Statistical methods included Poisson and weighted Cox models, as well as stratified and sensitivity analyses. The study also evaluated add-on antidiabetic drugs, such as GLP-1 receptor agonists, and controlled for negative outcomes like unrelated hospitalizations to mitigate bias.
Results and Discussion
A total of 81.5% of participants had a recorded BMI. Among them, 53.9% were overweight or obese, and 6.9% had T2D, with obesity significantly contributing to T2D prevalence.

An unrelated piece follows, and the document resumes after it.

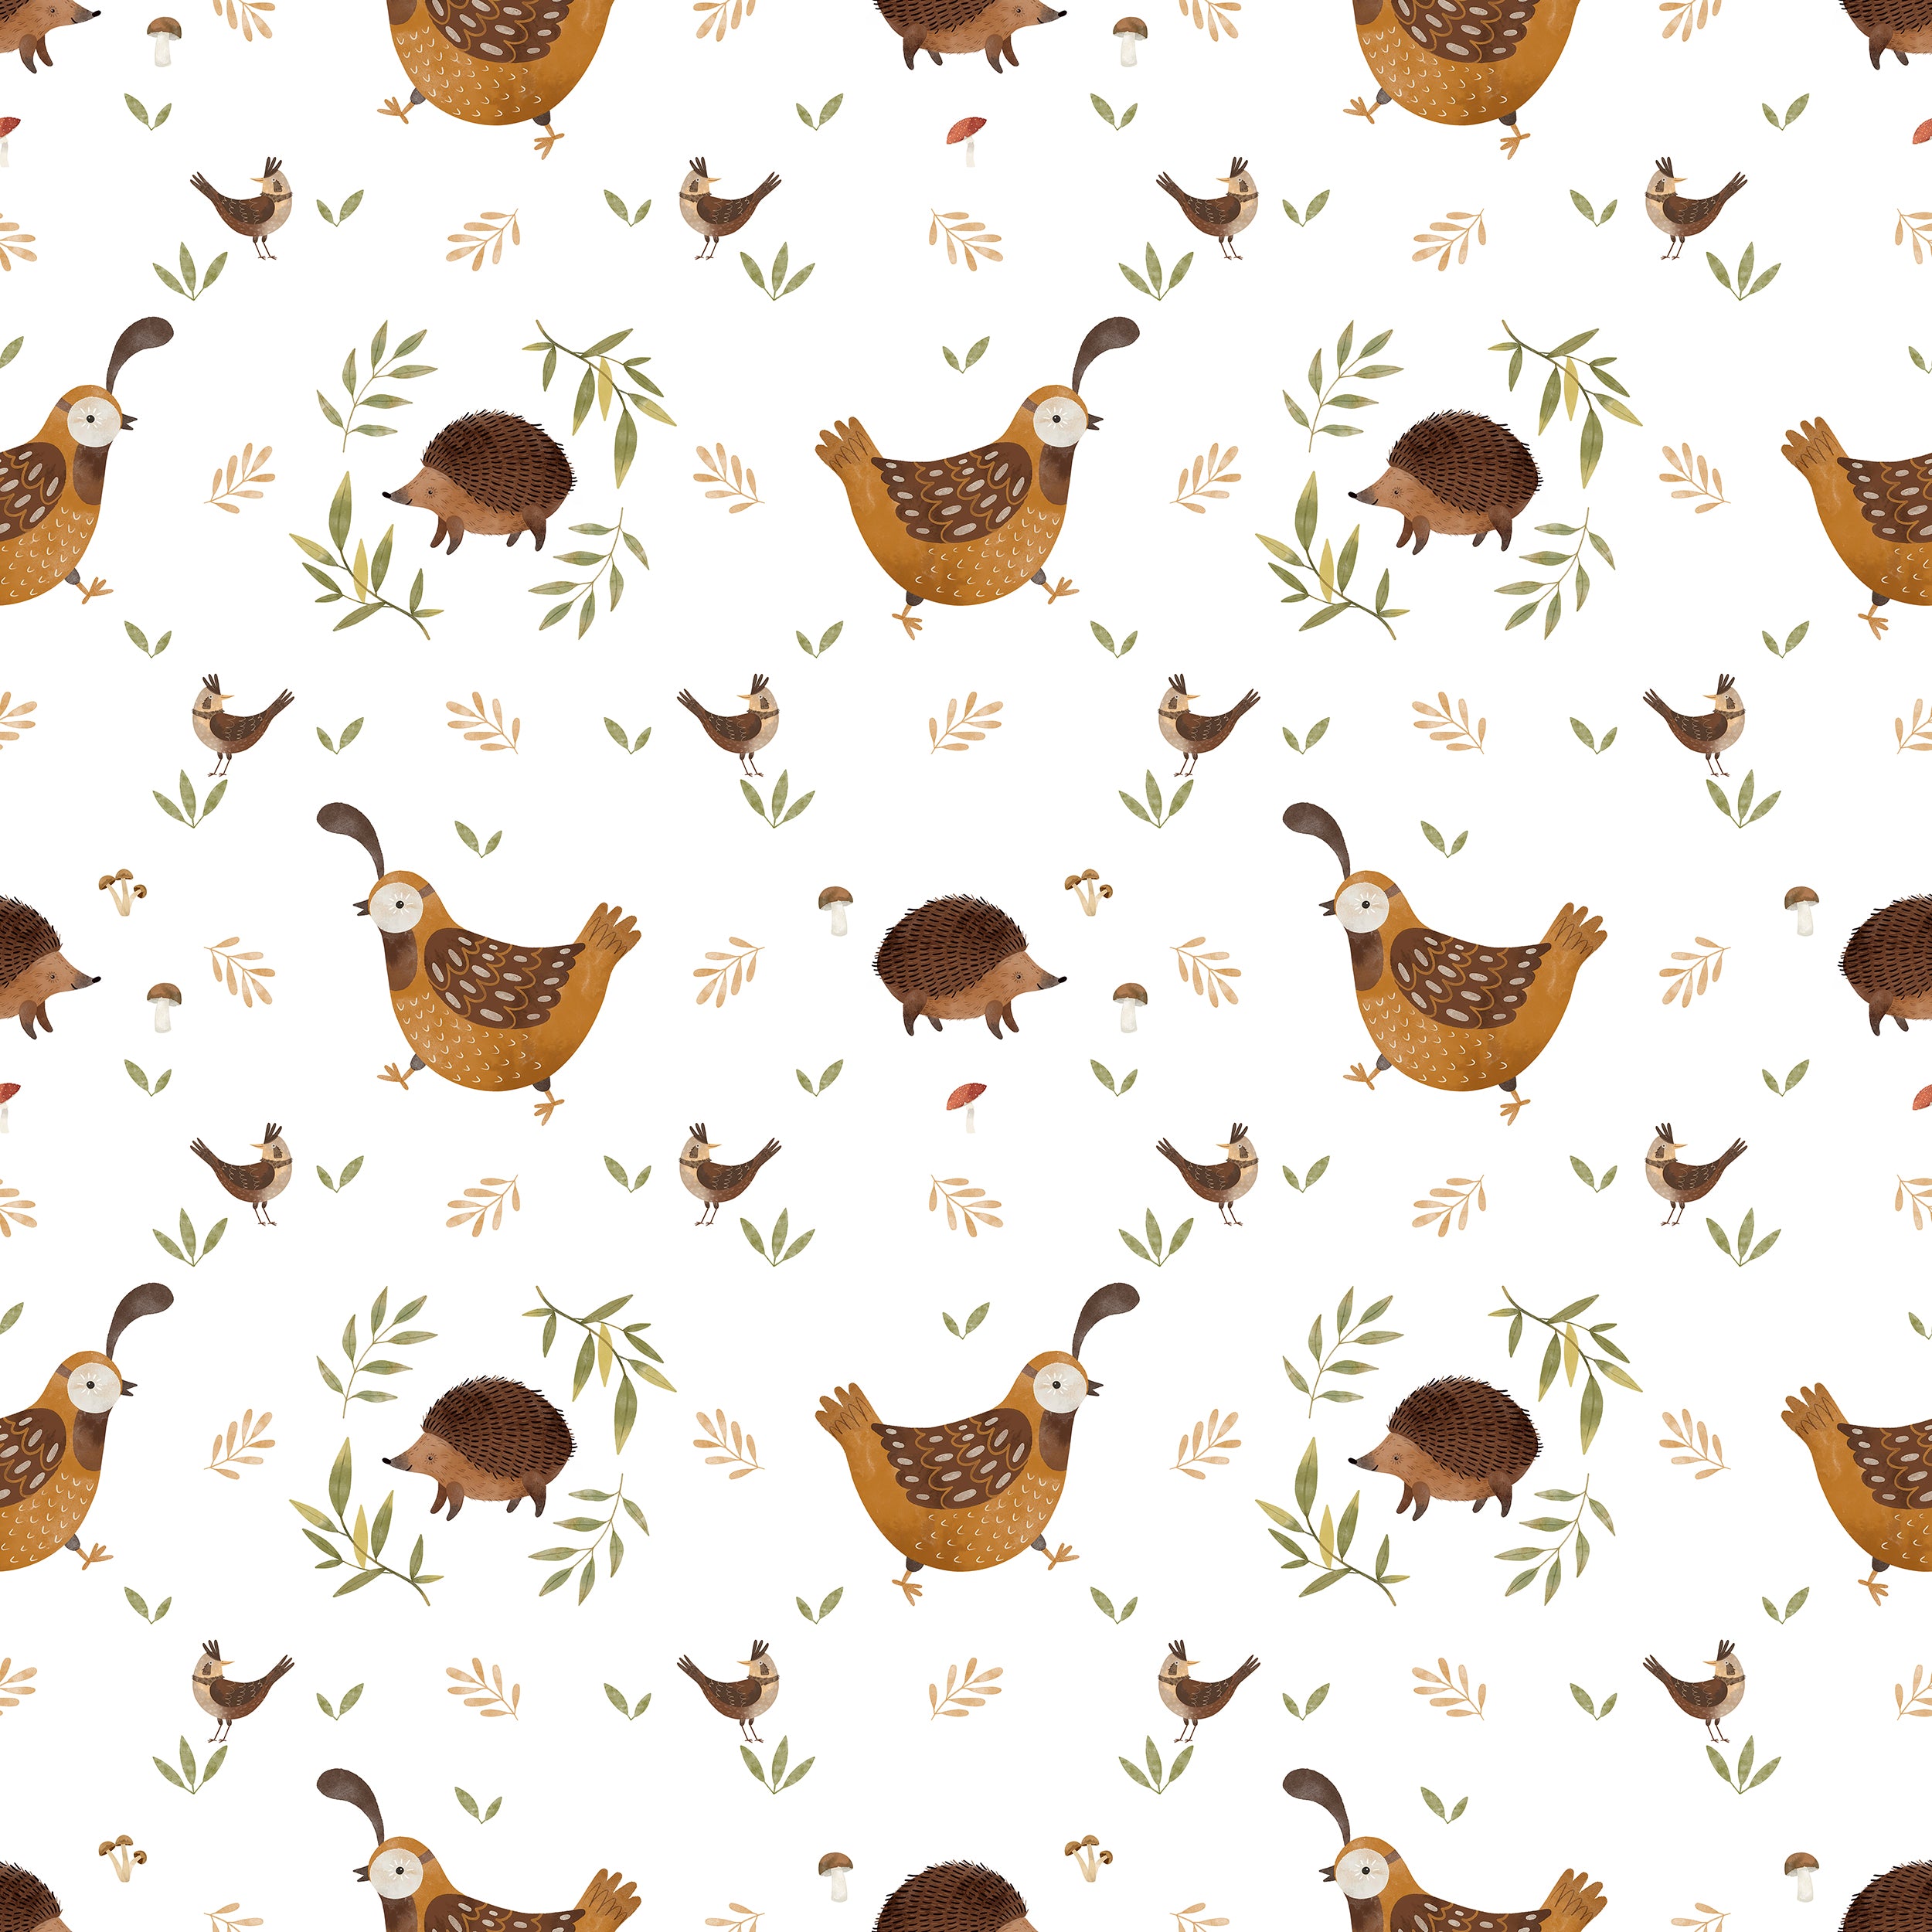 Close-up of Forest Hen Wallpaper featuring playful illustrations of brown hens, hedgehogs, and small birds amidst leaves and mushrooms on a white background, ideal for a natural and charming interior decor

Glycemic assessment was low, with 71.2% of patients with overweight or obesity lacking glycated hemoglobin (HbA1c) or glucose measurements.
In the SCCS analysis, metformin was associated with a significant reduction in asthma attacks (P < .001). This effect appeared within three months and persisted for a year. In the IPTW cohort, metformin users showed a 24% lower risk of asthma attacks (weighted hazard ratio 0.76).
Sensitivity analysis confirmed the main results. Kaplan-Meier and weighted cumulative incidence plots also highlighted a lower incidence of asthma attacks in metformin users.
In the negative control analyses, no associations were found between metformin and unrelated outcomes like hospital admissions for abdominal pain or minor ailments, supporting the specificity of the findings. Among add-on antidiabetic drugs, only GLP-1 receptor agonists (GLP-1RA) showed a further and sustained reduction in asthma attacks (IRR 0.60).
The effect of metformin on asthma attacks was not modified by BMI, HbA1c, eosinophil count, asthma severity, or sex. Changes in HbA1c levels were not found to influence the association.
These findings suggest that metformin, alone or with GLP-1RA, may reduce asthma attacks regardless of metabolic or asthma phenotypes. The study is strengthened by using a large, robust healthcare database, employing triangulation methods for reproducibility, and mitigating confounding through SCCS design, new user cohort analysis, and negative control analyses. However, the study is limited by residual confounding, lack of medication adherence and dose data, inability to assess weight changes, and absence of information on asthma biologics.
Conclusion
In conclusion, the study suggests that metformin may reduce asthma attacks by 30%, with an additional 40% reduction when combined with GLP-1RA. This highlights the potential to repurpose antidiabetic drugs for asthma treatment. Further research and clinical trials are needed to confirm these effects and understand the underlying mechanisms.